This
research investigated the emission and evolution characteristics
of fuel-N during the O2/H2O combustion process
of a typical bituminous coal (Shenhua). To avoid the catalytic
interference of alkali metal salts, the demineralized coal obtained
from the raw coal sample was employed for the investigation in this
research. The effects of reaction temperature (T
r) and H2O concentration, which were two vital factors
affecting coal combustion characteristics, on the emission characteristics
of fuel-N during the combustion process were also taken into consideration.

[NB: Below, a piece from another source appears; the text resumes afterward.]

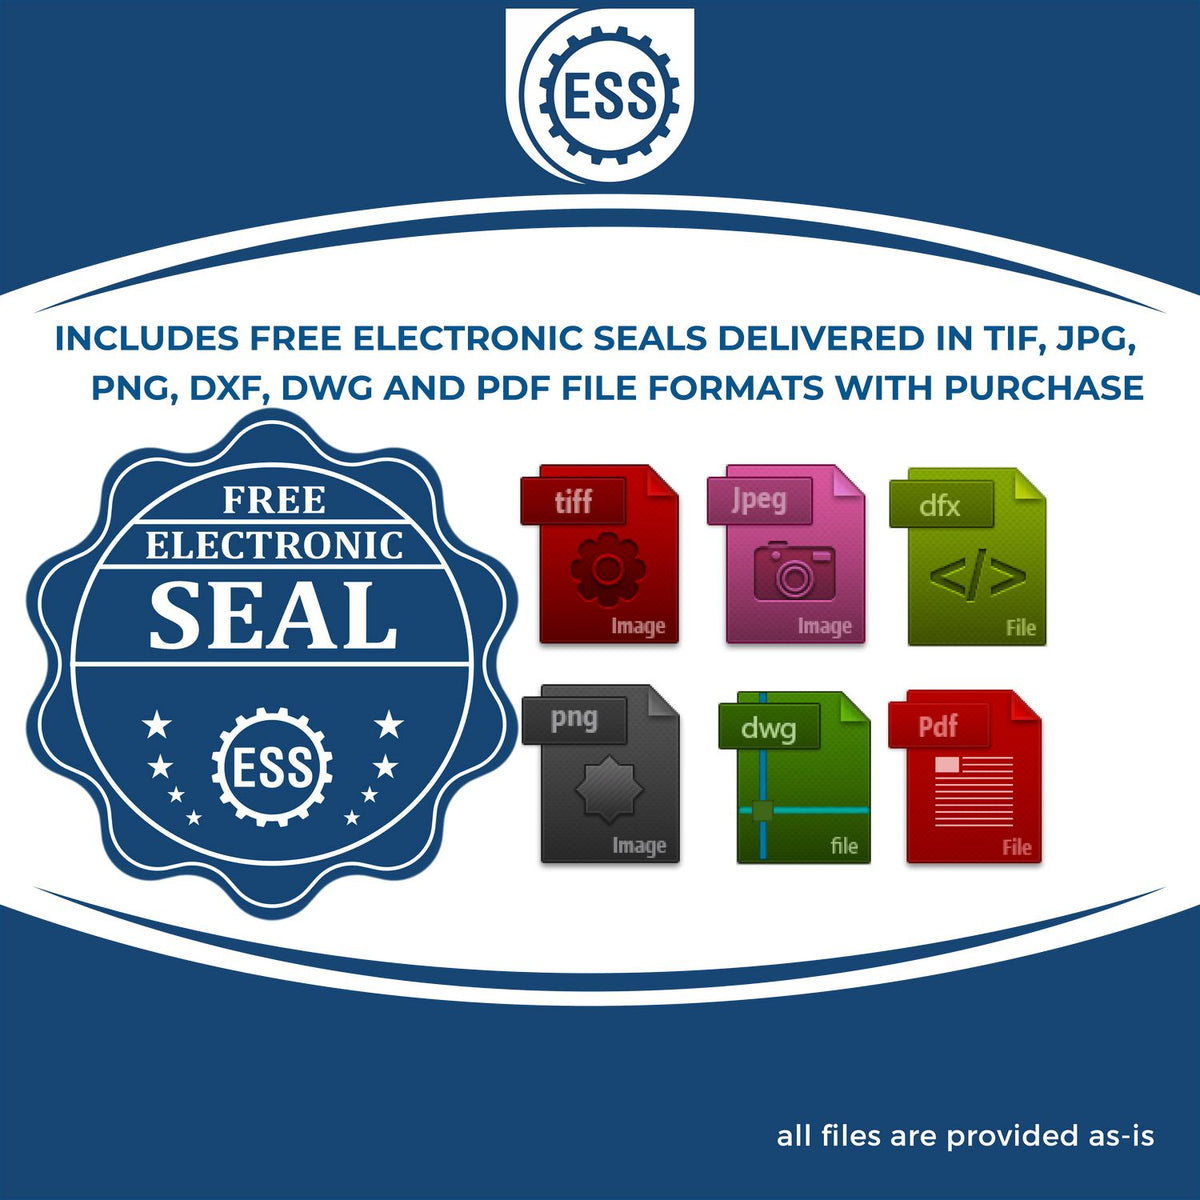 An infographic for the free electronic seal for the Gift Tennessee Land Surveyor Seal illustrating the different file type icons such as DXF, DWG, TIF, JPG and PNG.

Isothermal combustion tests performed under different O2/H2O conditions (T
r: 1073
and 1473 K; O2: 30%; H2O: 0, 3.5, 8.5, 15, 20,
and 30 vol %) indicated that relatively high concentrations of N2O, HCN, and NH3 were measured in the O2/H2O combustion of the coal sample. With the increase
of T
r and H2O concentration,
more fuel-N would be released in the devolatilization/volatile oxidation
stage of the reaction. The X-ray photoelectron spectroscopy results of chars after devolatilization indicated that
most of the N-5 decomposed into HCN or converted to N-6 or N-Q in
the early reaction stage at high temperatures and that N-Q was the
dominated form of a nitrogen-containing functional group (C(N)) existing
on the char particle surface. The reducibility of the chars after
O2/H2O devolatilization played vital roles in
reducing the emission of NO during the whole O2/H2O combustion process.